そして、ゆっくり、ゆっくりと万力のように力を加えていく。
滝壺の顔が悲痛に歪み、その肩はミシミシと音を立てる。
滝壺「っ…………ぐ、ぁ……っ……!」
麦野「ふっ」
麦野は力を乗せ、踏み込んだ。
なんとも、形容しがたい音が鈍くして。
滝壺の絶叫が短く響いた。
361 :
VIPにかわりましてGEPPERがお送りします:2010/10/31(日) 00:56:33.37 ID:AyXQmREo
麦野「……運がよかったねぇ。『ハズレタ』だけですんで」
麦野はその腕を、軽く蹴る。
それだけで激痛が走るのか、滝壺は悲鳴をあげた。
滝壺「あ、ぐ……ぅ…………」
麦野「『あぐぅ』って萌えキャラかよ。それなら、もっと愉快にしてあげましょうかねぇ?」
ガッ、と滝壺の顔をアイアンクローで掴み、そして引き上げる。
それだけでも滝壺から声が漏れる。
……いや、もはや声とも言えない。呻き声に他ならない。
麦野「さぁて……死にかけのお前の前で大事な大事な彼を殺すのと、お前の顔をぐっちゃぐっちゃにして、それをその彼の前に差し出すの、どっちがイイ?」
それはもはや、選択ですら無い。
どちらを選んでも、向かう方向は決まっているのだ。
即ち、絶望。
滝壺「……ぁ」
滝壺は漏らす。
痛みに苦しみながらも、それを伝えようと。
麦野「ん?」
滝壺「かみ、……――……」
麦野「……言いたいなら、もっとはっきり言えよ」
滝壺「――かみ、じょ…………だめ」
麦野がはぁ?と言うと、彼女の肩に、手が乗せられて。
それに呼ばれて、振り向くと同時。
彼女の右頬に、強烈な右ストレートが入る。
363 :
VIPにかわりましてGEPPERがお送りします:2010/10/31(日) 01:06:50.23 ID:AyXQmREo
麦野はそれの勢いで数メートル、吹き飛ばされる。
滝壺は彼女の手から解放されて、地面に崩れる前にその少年の手に受け止められる。
温かい、腕の中。
駄目、と言ったが、それだけで安心したような気分になる。
手の中の彼女から伝わる体温は、思っていたものよりずっとずっと低いものだった。
生きている人間とは思えないほどの低さ。
そして、口の端や、倒れた時にこすったいたる所から赤いそれが垂れていた。
上条「滝壺……お前……」
滝壺「……ごめんね、かみじょ……わたし、まもりきれなかった…………」
上条「いい、喋るな」
言いたいことは、沢山ある。
どうして何も相談してくれなかったのか。
どうして勝手に自分を犠牲にして俺を守ろうとするのか。
訪ねたいことも、沢山ある。
けれど、それよりも、なによりも。
上条当麻は見据える。その、数メートル先にいる化け物を。
それは、彼に殴られた部分を拭って、人を殺せそうな視線で彼を睨んでいた。
しかし、上条はそれに臆せず、拳を向けて、ただ宣言する。
上条「滝壺を傷つけた分。やり返させてもらうぜ」
372 :
VIPにかわりましてGEPPERがお送りします:2010/11/02(火) 22:43:16.70 ID:5hG4BSoo
ペッ、と麦野沈利は地面に唾を吐き捨てる。
赤いものが混じった唾。
それこそ、今の一撃をまともに受けたと他ならない。
それに、麦野は苛立を隠せない。
麦野(ただの、無能力者如きに)
彼女はそういった『序列』にこだわっている節がある。
三位と四位の違いは殆どないにしても、自分が下であることに苛立を持っているのは確実だし、無能力者に対してはゴミ同然にしか思っていない。

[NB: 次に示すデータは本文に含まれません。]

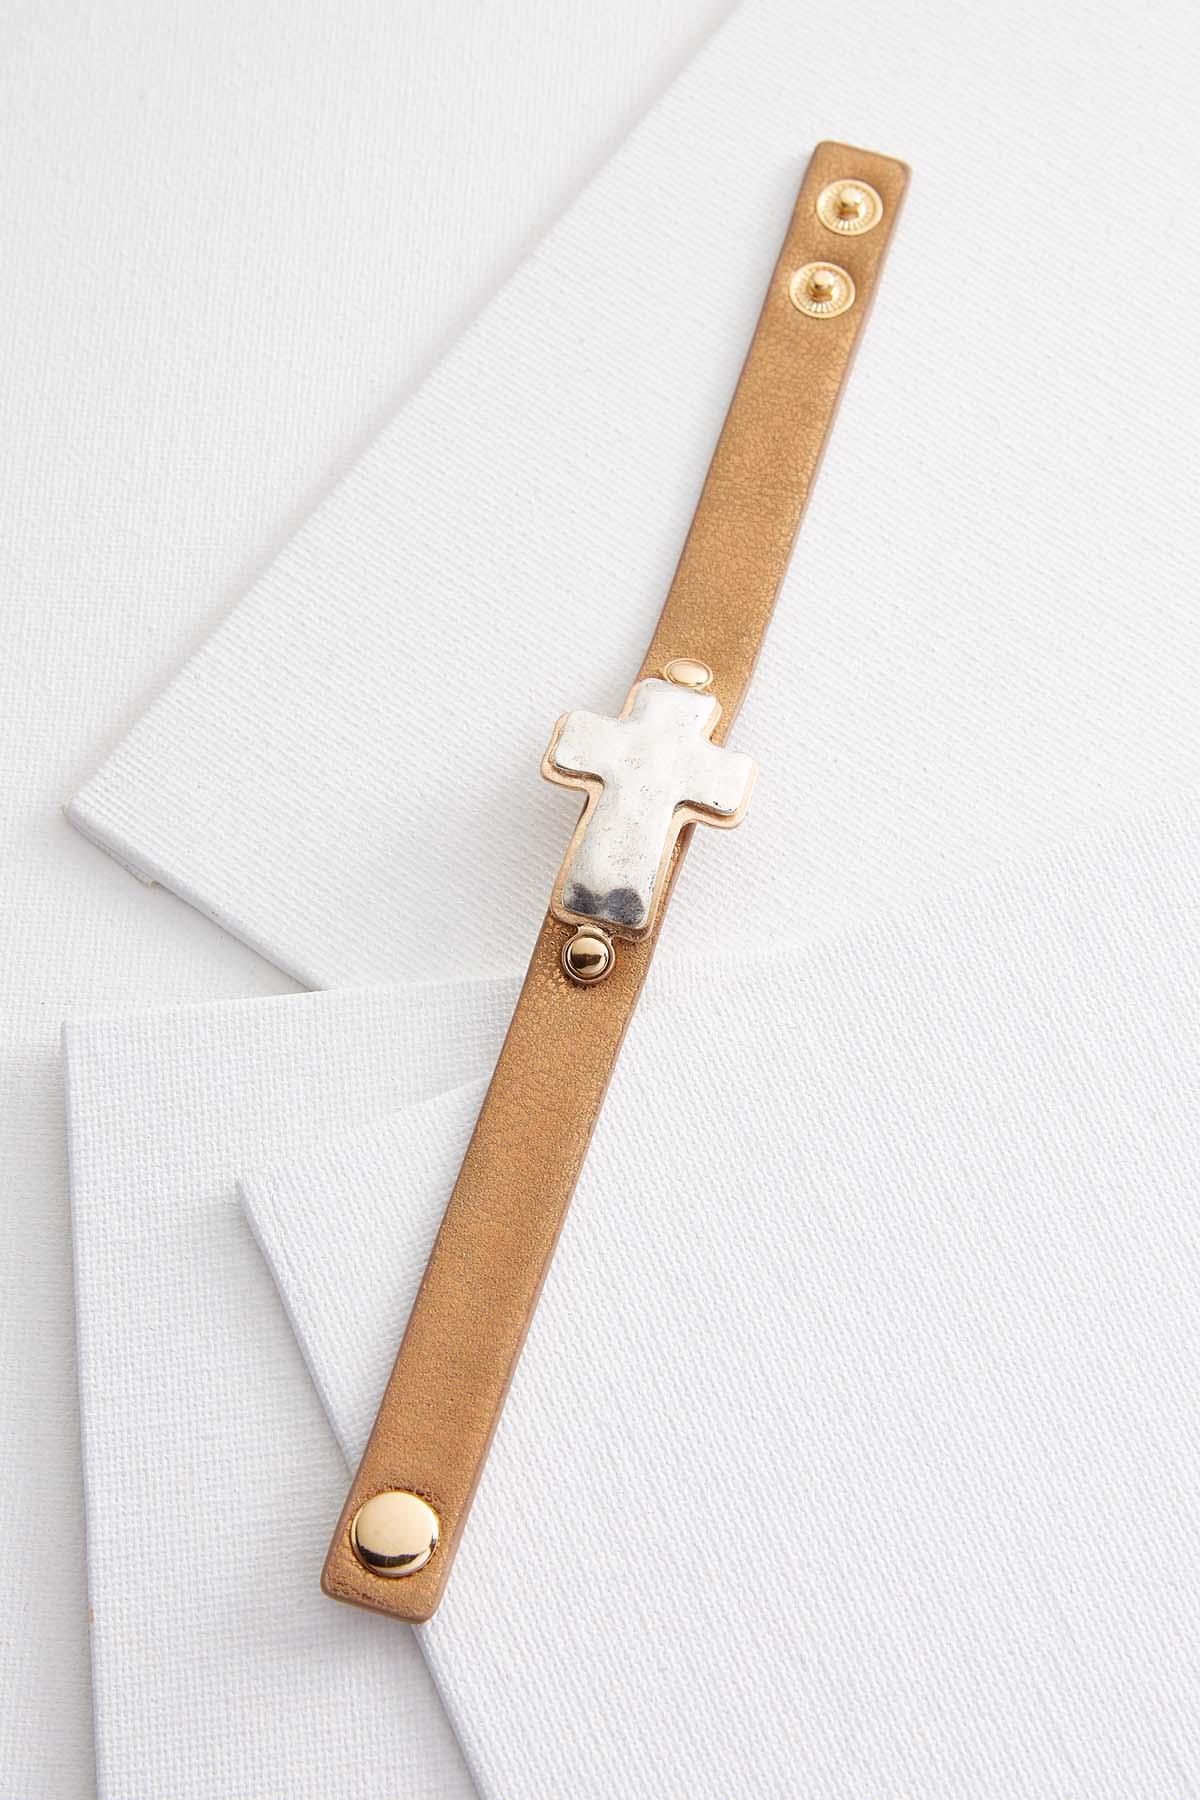 Hammered Cross Strap Bracelet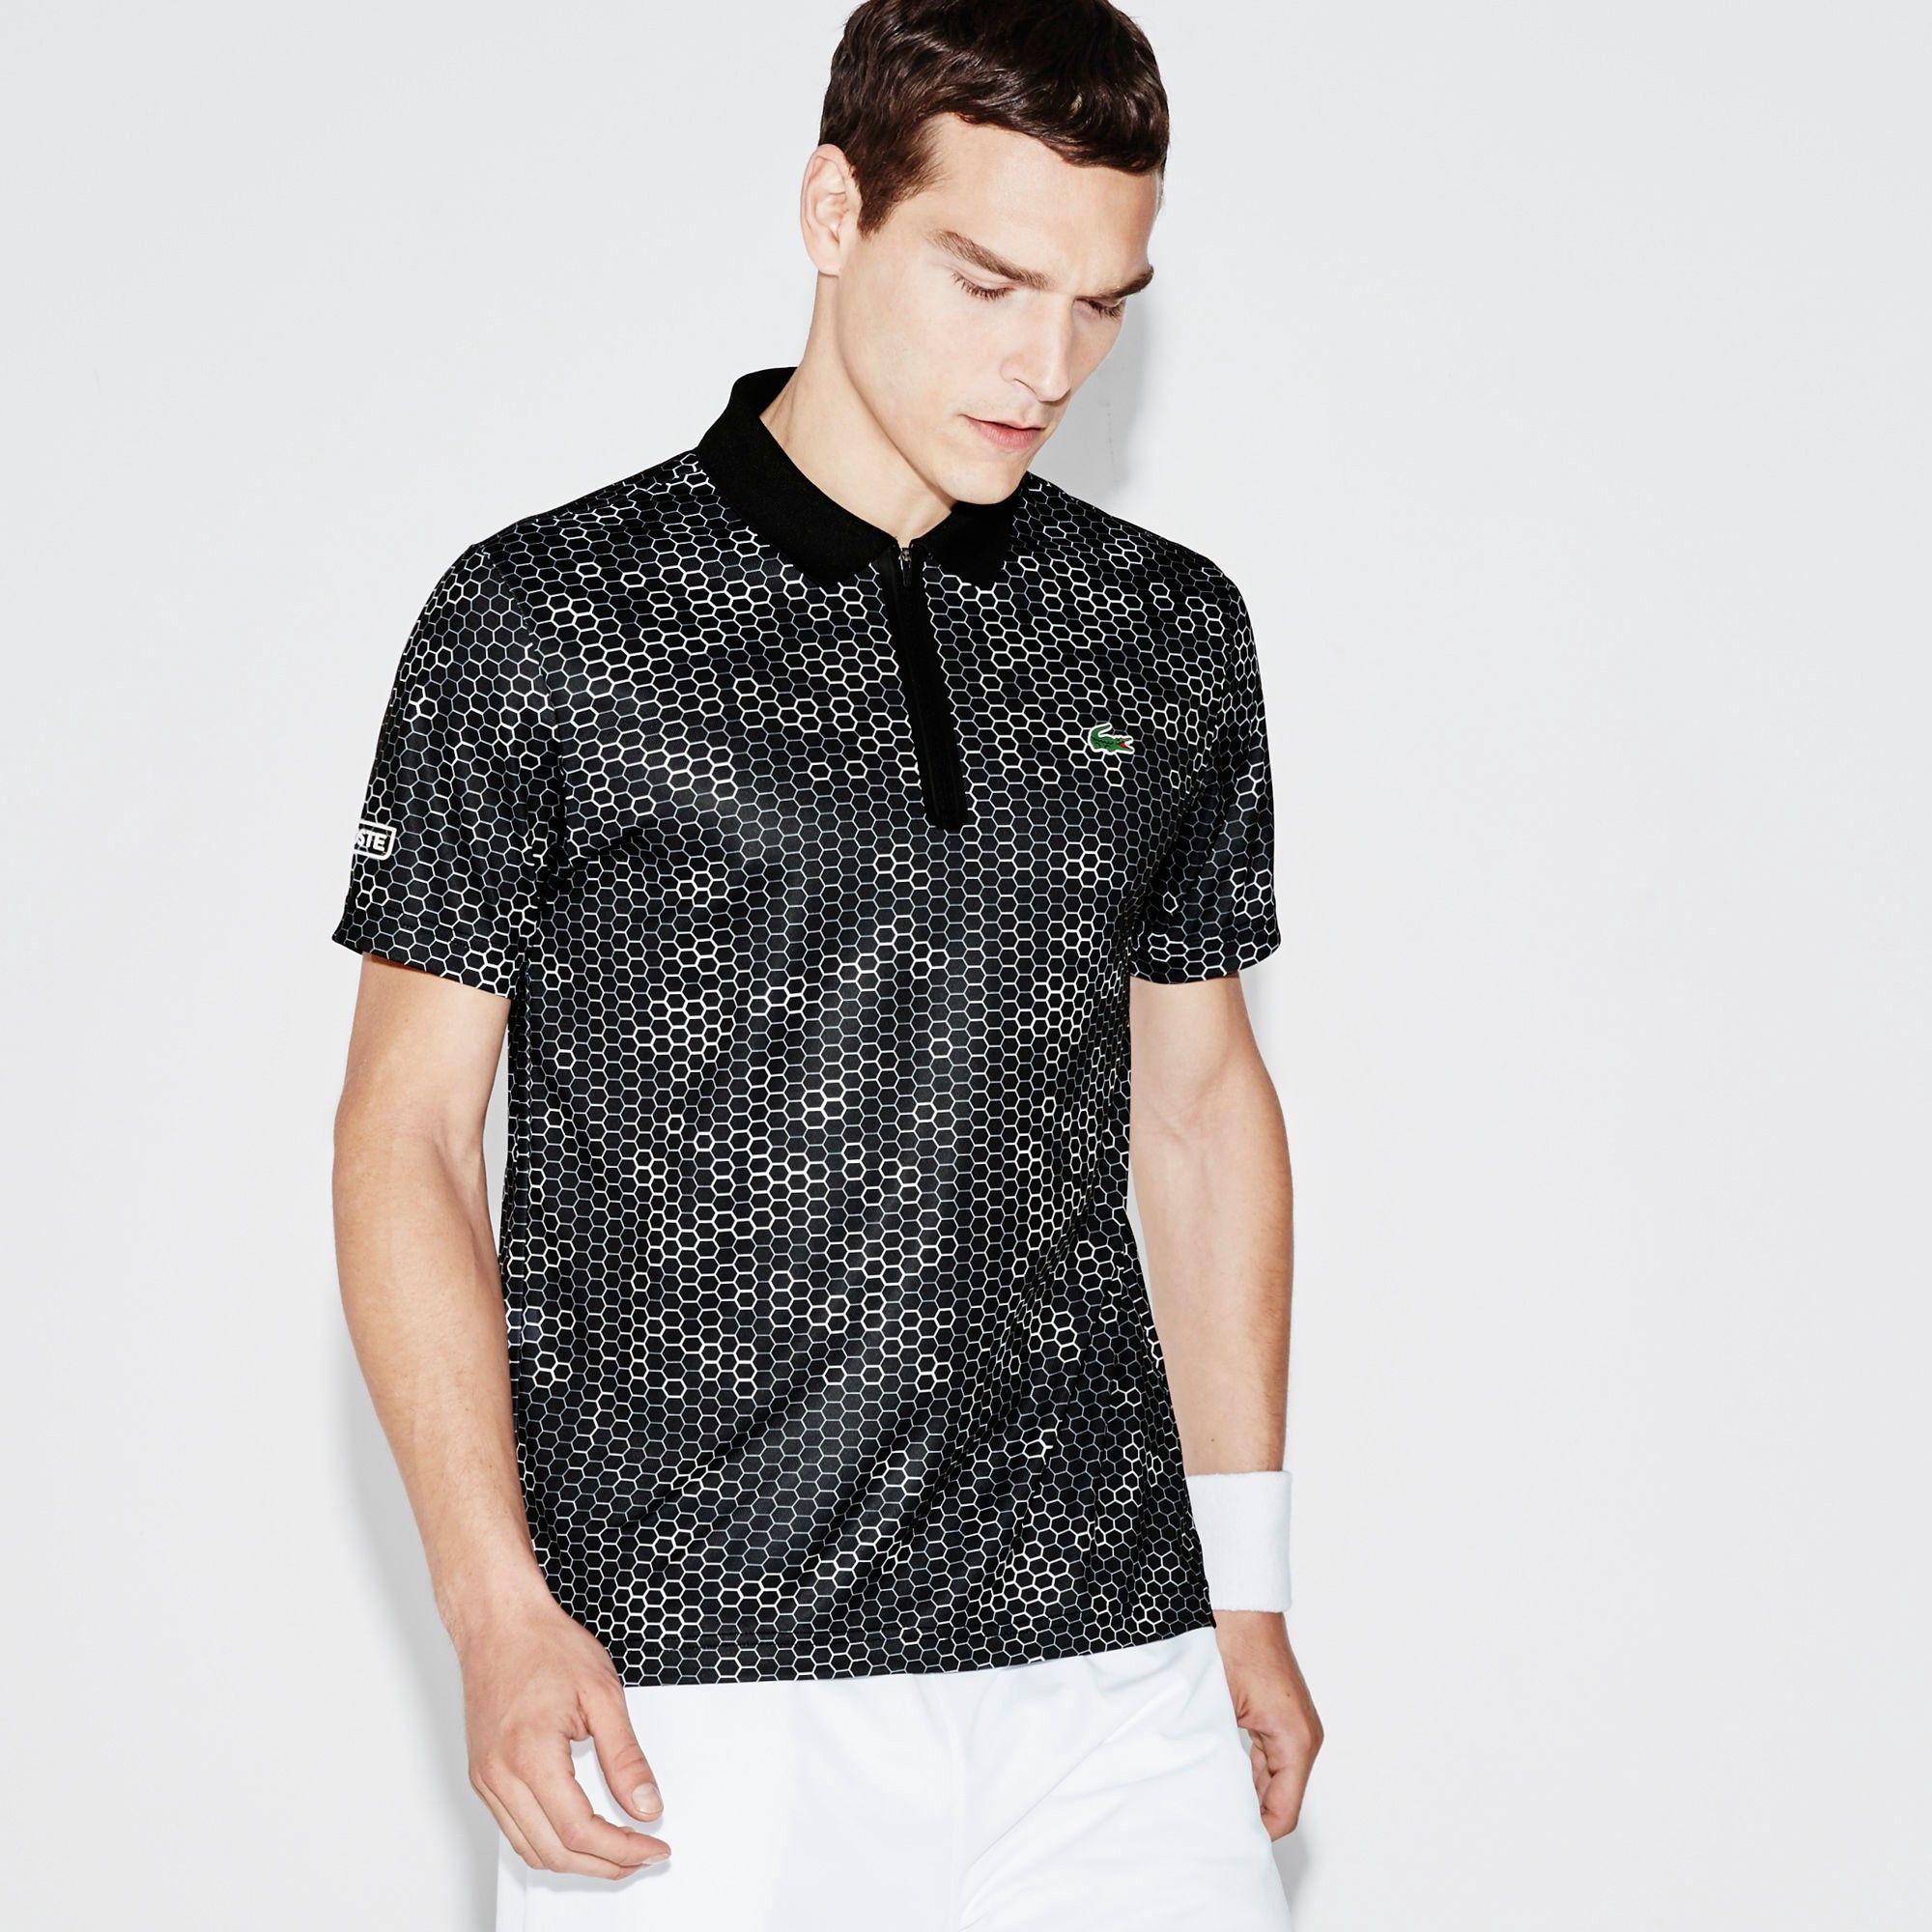 d29471011ba LACOSTE Men s SPORT Ultra Dry Zip Tennis Polo Shirt - black white ...

それどころか、レベル4の滝壺や絹旗でも簡単に見捨てるような性格の持ち主だ。
無能力者から打撃をもらい、こんなザマになっていることに怒りを感じない方がおかしい。
最も、ただの無能力者ではないことは重々承知している。
ただのそれなら滝壺が興味をもつはずはないし、こんなタイミングよく現れることもない。
だが、そんなことは関係ない。
相手が何者だろうが、例え能力者だったとしても。
自分が殺すことには、何ら変わらないのだから。
麦野「やりかえさせてもらう、ねぇ……」
ブン、と煌めくそれを宙に浮かせ、次の瞬間には高速でそれを打ち出していた。
麦野「こっちの台詞だっつぅのっ!!」
滝壺に乱された『自分だけの現実』から、またあらぬ方向に幾つか反動のように飛んでいくが、そんなことはいい。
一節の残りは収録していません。